王力带着几分期待和存疑回到了家里, 先把东西放下, 接着从粮仓里舀了几勺麦子出来。

    “力啊!你拿小麦做什么?”王力的阿爹拄着拐杖蹒跚地走进房间, 瘦削的身体看起来风一吹就会倒下, 布满皱纹脸上的尽是沧桑和愁苦。

    “嘘~”王力竖起食指,谨慎的往屋外看看, 压低嗓音说道, “爹, 我现在还说不上来, 过几天就知道了。你千万别告诉奶奶他们。”

    “唉!爹知道, 爹不说, 你自己把东西看好,小心他们又偷偷跑进来,这个家全靠你了,都是爹拖累了你……”王力的爹又开始老调重弹。

    王力无奈的叹口气, 如果这米花糖真能赚钱,他就去府城租间房子, 免得奶奶整天指桑骂槐的, 正常人都会被骂出病来, 何况爹的身体本来就不好。

    吴小梅没有理会那些懊悔又撇不下面子的人,她又不是泥巴捏的, 任人揉圆搓扁,没有对他们发脾气, 不代表她心里不憋屈。

    这些目光短浅的人, 只心疼这花出去的二两银子, 却不想想码头每天来往的商人和出行的人成千上万,这二两银子不到一个月就可以赚回来,有他们后悔的时候。

    “今天不忙吗?”看见苏瑞舟过来,她惊讶地挑了挑眉头,这段时间,苏瑞舟城口村和府城来回跑,不到天黑是不会回家的,南街的店铺开起来,他总共也没来过几次。

    “事情都安排好了,我已无事可做,吴老师这里还缺不缺人?”苏瑞舟温和笑了笑,开口揶揄她,现在的他虽然还是沉稳如山,但在吴小梅面前越来越会开玩笑。

    “缺啊!不过我付不起太多工钱。”吴小梅状似思索了下,一本正经的说道。

    “工钱好商量,我不介意你用其他种方式相抵。”苏瑞舟深邃的眼眸直勾勾的看过来,炙热的让人不敢直视,话里包含的意思不言而喻。

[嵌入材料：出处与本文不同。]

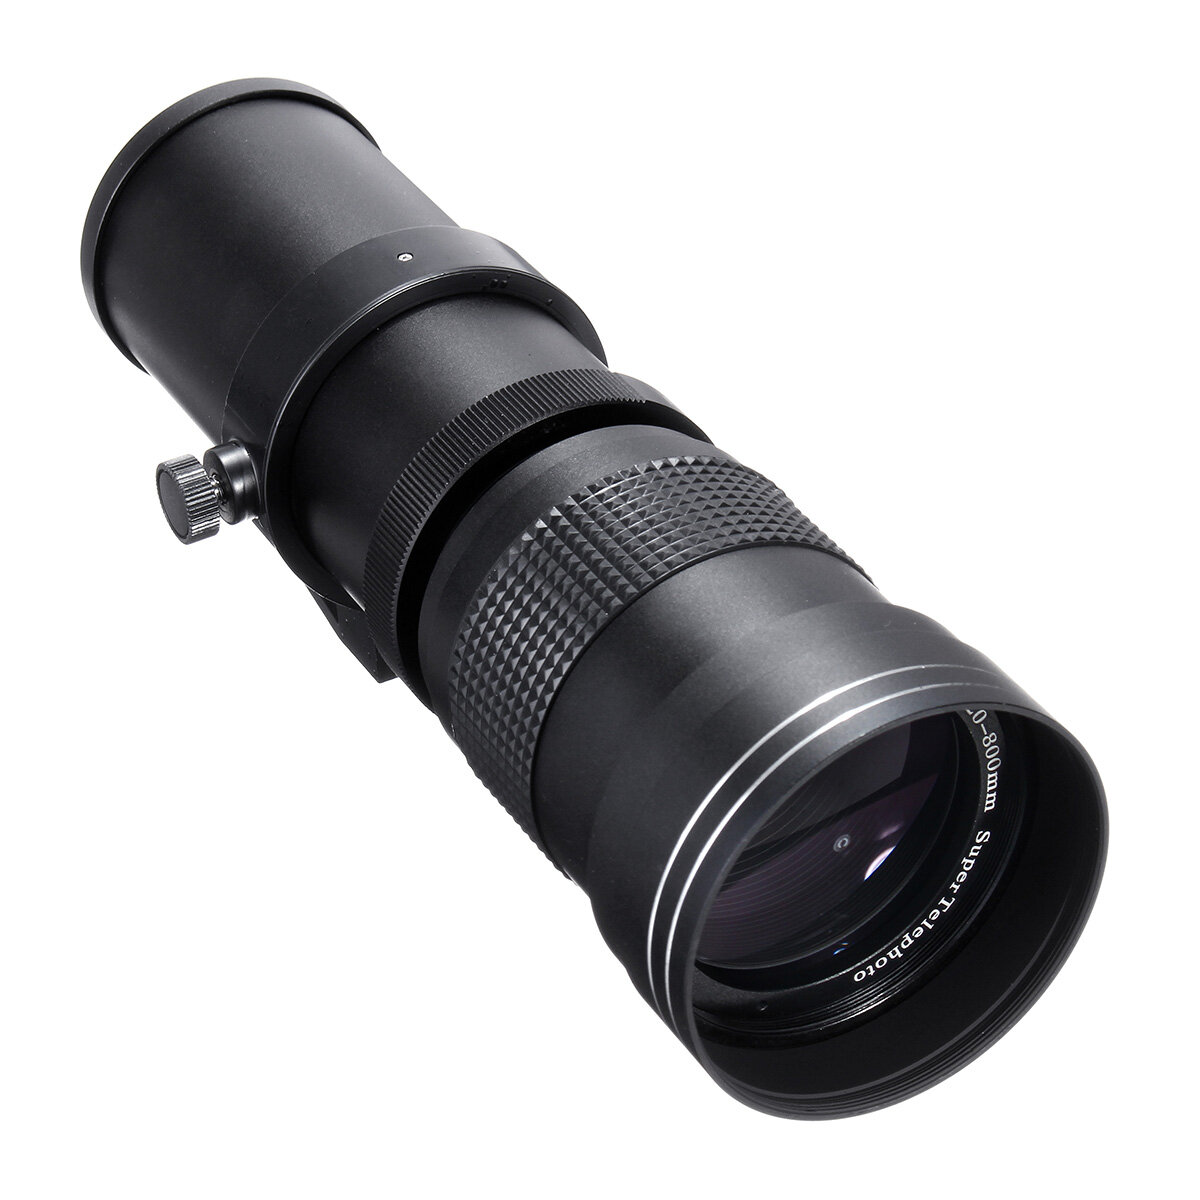 IPRee® 420-800mm F / 8.3-16 Super téléobjectif objectif zoom manuel + monture en T pour Nikon pour Sony pour appareil photo reflex Pentax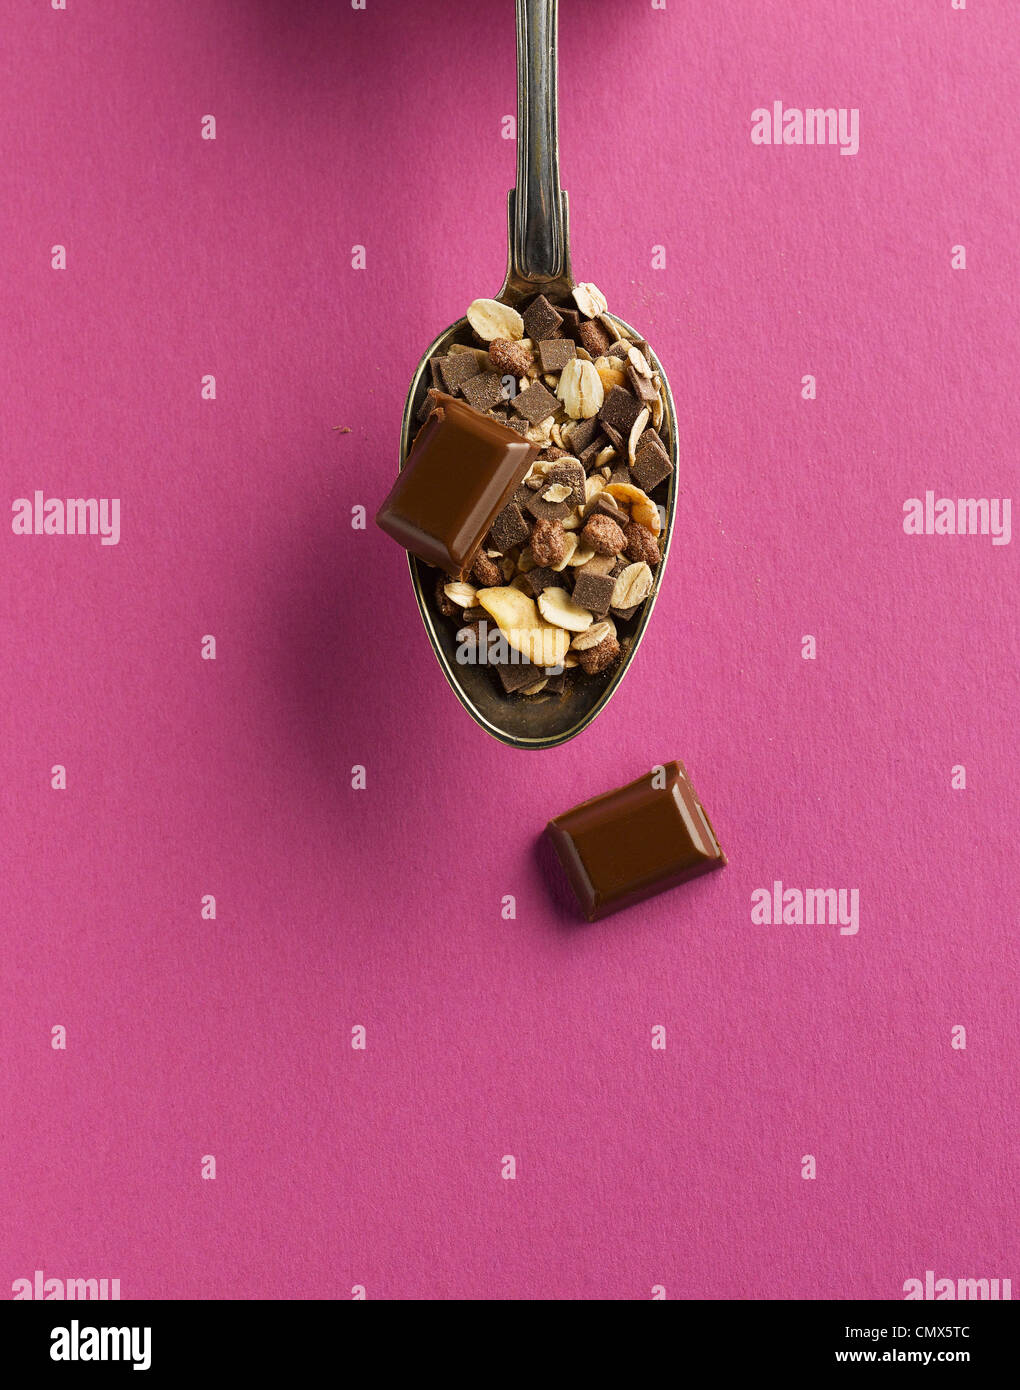 Los cereales y el chocolate en una cuchara sobre fondo de color rosa Foto de stock

    “你的脸皮怎么变得这么厚~”吴小梅简直被他气笑了,捏着他的脸颊用力向两边扯,“噗!挺可爱的。”一张俊脸扯的完全看不出本来的面目,吴小梅又挤又搓的玩了一会,心里总算平衡了点。

    “满意了?”苏瑞舟也不恼,宠溺的刮了下她的鼻子,显得乐在其中。

    “我现在还真有件事情要你帮忙,你帮我去木匠那做些牌子,这是我画的图。”吴小梅从桌上拿起一张图纸递给苏瑞舟。

    “怎么突然有这个想法?”苏瑞舟拿起图纸认真看了看,惊讶的问道,这不像是吴小梅的风格,她一向很低调。

    吴小梅把上午发生的事,跟他说了个大概,“所以我想,给在我这里学手艺的人都发个牌子,免得有人冒充我的学生。”

    “只是这样吗?”苏瑞舟饱含深意的看着她。

    “咳咳,其实我还有一个想法,以后部分小吃的调料也凭牌子买,你帮我参谋参谋,看看可不可行。”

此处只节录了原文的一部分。